Книга Алексея Варламова о Михаиле Булгакове, к примеру, написана с аналогичных позиций, исследователь (кстати, очень серьезный, не случайный в этом жанре) пытается сблизить Булгакова с православием, хотя эти попытки выглядят спорными – вспомним хотя бы, что говорил Иешуа о Левии Матвее (т.е.о сочинителе «Евангелия от Матфея»): «Ходит, ходит один с козлиным пергаментом и непрерывно пишет. Но я однажды заглянул в этот пергамент и ужаснулся. Решительно ничего из того, что там написано, я не говорил». (Булгаков был верующим человеком, но вера и церковь не всегда одно и то же; порою, глядя на творящееся вокруг, думаешь, что «Мастеру и Маргарите» повезло с публикацией более полувека назад: сейчас, чего доброго, нашлись бы те, кто усмотрел в книге «оскорбление чувств верующих»).
Катаев был циник особого советского типа – циник романтичный, циник, артистичный до мозга костей, циник, ненавидящий циников, циник, порой щедрейше помогавший всем, от кого цинизмом и не пахло.
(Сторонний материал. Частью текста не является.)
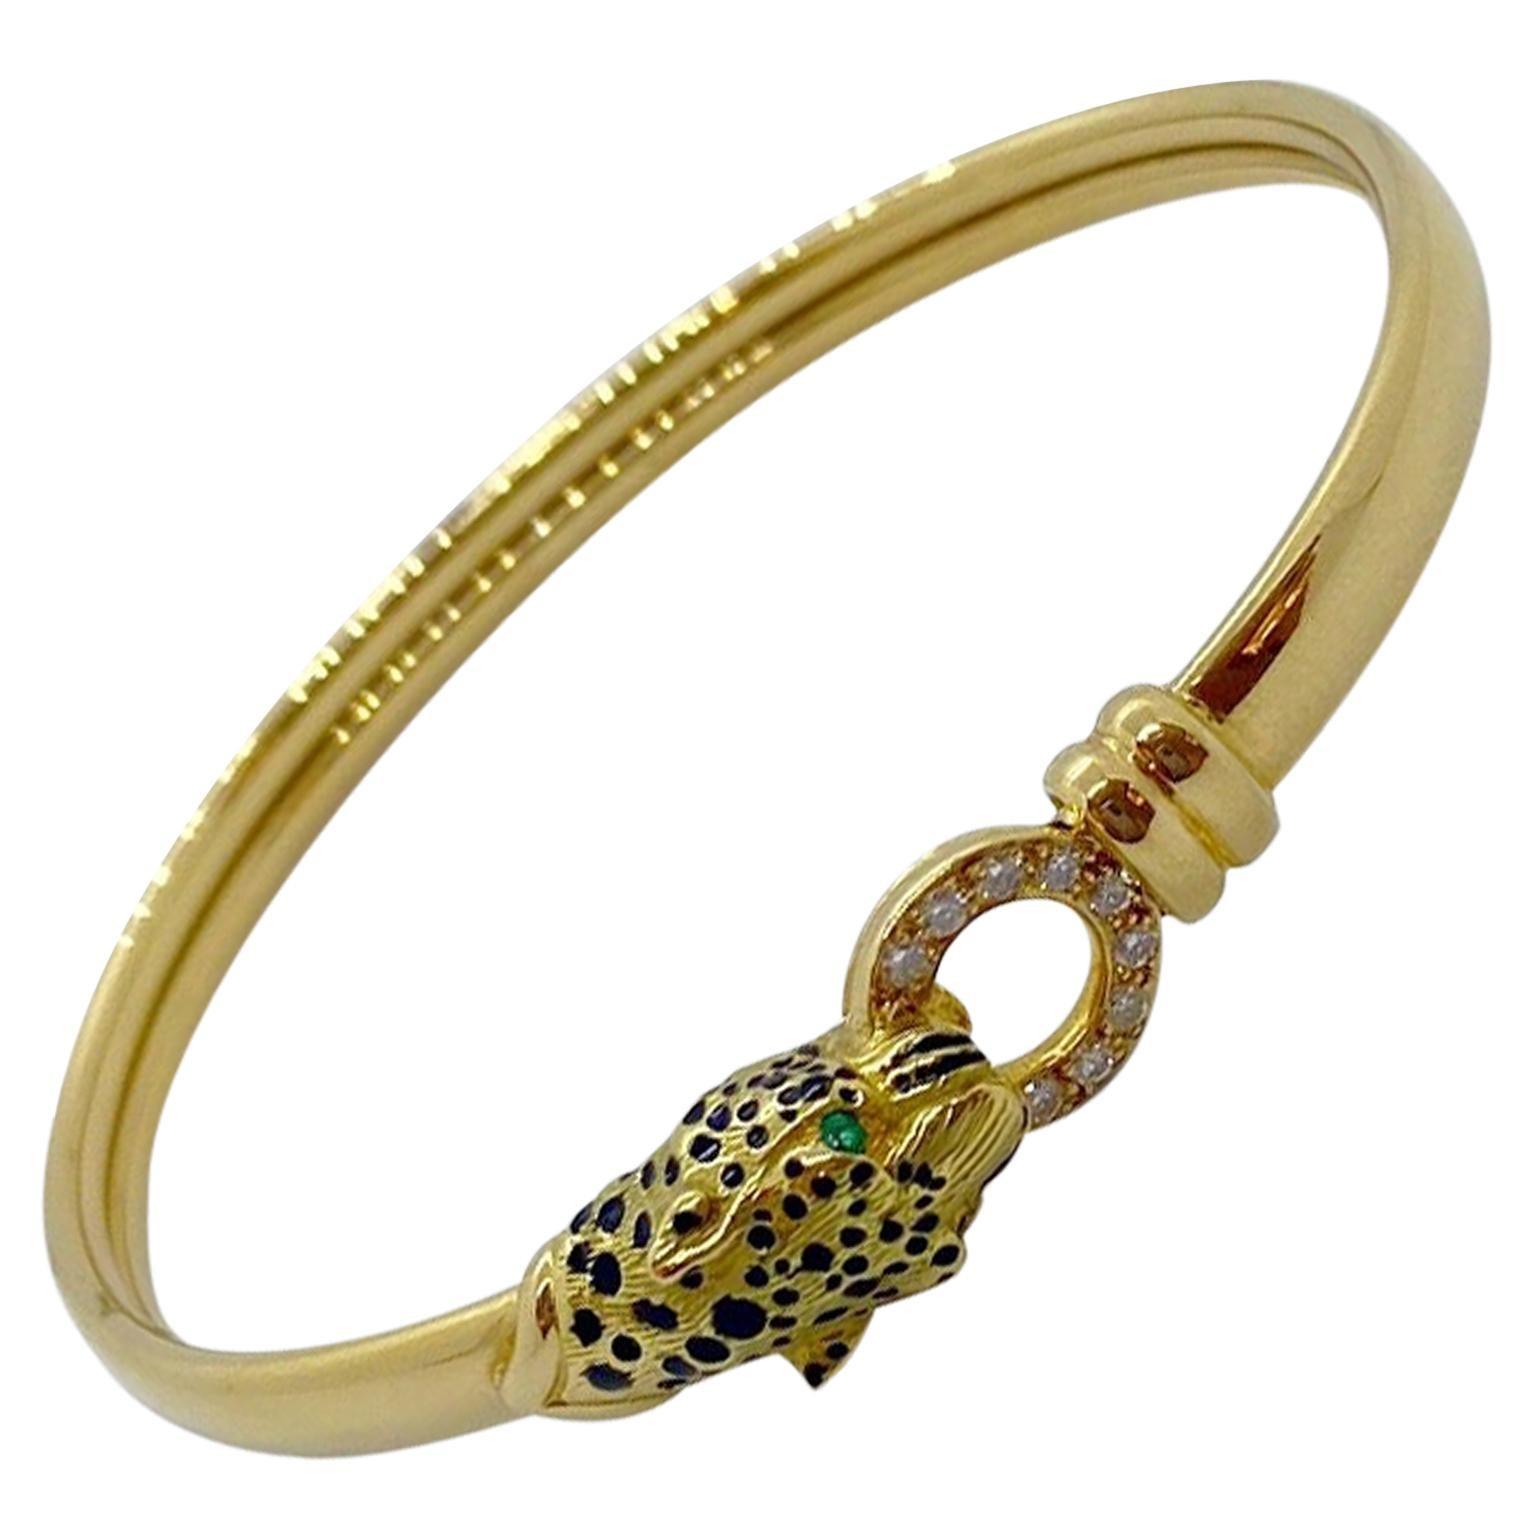 18 Karat Gold Panther Head Bangle Bracelet with Diamonds, Emeralds and Enamel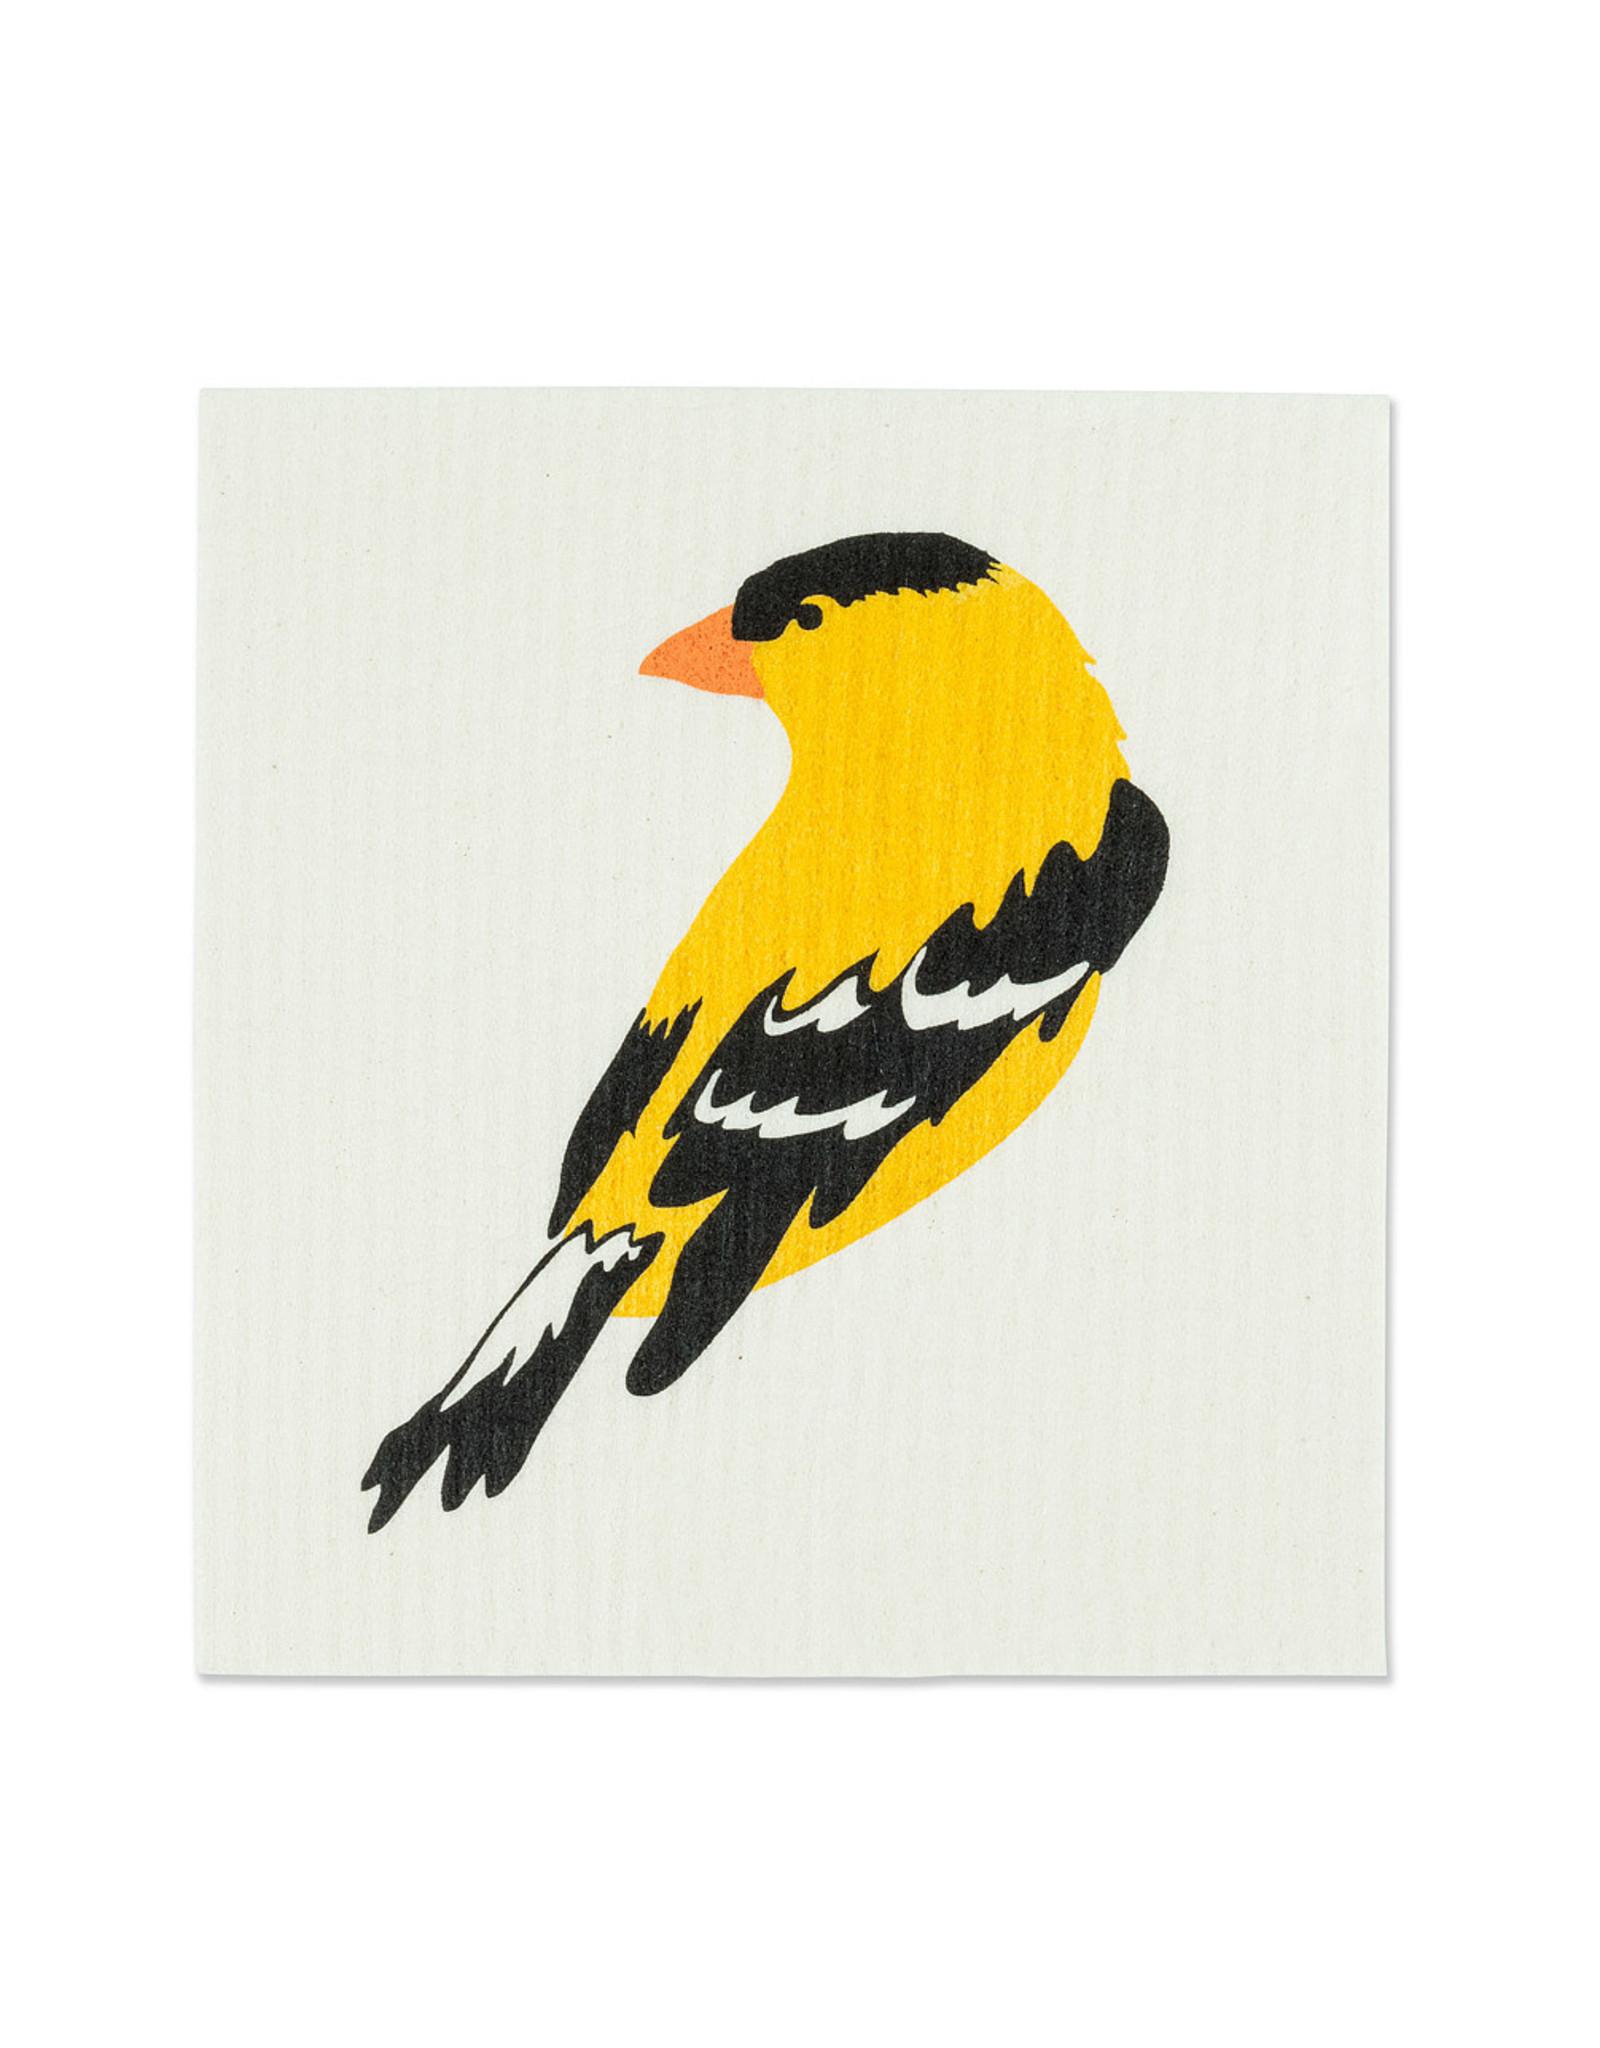 ATT - Swedish Dishcloth / One Finch

Катаев еще дальше отстоял от церковности, чем Булгаков. Шаргунов с удовольствием приводит красочные свидетельства того, каким гедонистом и жизнелюбом был Катаев. Целые пассажи перепечатывает из главы ««Жаворонки с подгоревшими изюмными глазами», вошедшей в книгу Евгения Евтушенко «Волчий паспорт» - поэт рассказывает в этой главе, какой шикарный кутеж устроил в Париже Катаев. (И прекрасно, что перепечатывает, т.к. «Волчий паспорт» прочли немногие.) В этой главе Евтушенко как бы слегка перевоплощается в Катаева, перенимая яркость, красочность его описаний, брызжущий из каждой строки жизненный сок. (А может, сходство глубже и причина его иная: это проза поэта, а Катаев начинал как поэт – о чем можно узнать из «Травы забвенья», где он пишет, как приносил Ивану Бунину свои первые стихи!).
Но Евтушенко в этой главе говорит и о самом важном для понимания Катаева, которого слишком многие считали циником, конформистом, приспособленцем; ему отвели в литературном пантеоне такое место: «Несомненный талант, но сомнительная личность». После выхода книги «Алмазный мой венец» кто-то из коллег (приписывается Виктору Шкловскому) написал злую и несправедливую эпиграмму, которая начиналась так: «Он из чужих венцов терновых алмазный сплел себе венец…») Время было страшное, приходилось идти на компромиссы с ним, но для Катаева всегда существовала некая линия последнего рубежа, за которую отступать он не мог.
Помните гениальный диалог из пьесы Евгения Шварца »Дракон».
«Я не виноват. Меня так учили!» - «Всех так учили. Но зачем же ты оказался первым учеником, скотина этакая?»
Евтушенко доказывает, что кто-кто, а Валентин Катаев первым учеником не был.
«Время – это дантист, вырывающий нас из нас без анестезии… Катаев заставлял себя любить отвратительные жирные волосатые пальцы новой власти с черными ободками под ногтями, лезущие с зубодерными клещами в глотку и душу. Это была любовь не от любви. Любовь от страха. Любовь от отсутствия выбора.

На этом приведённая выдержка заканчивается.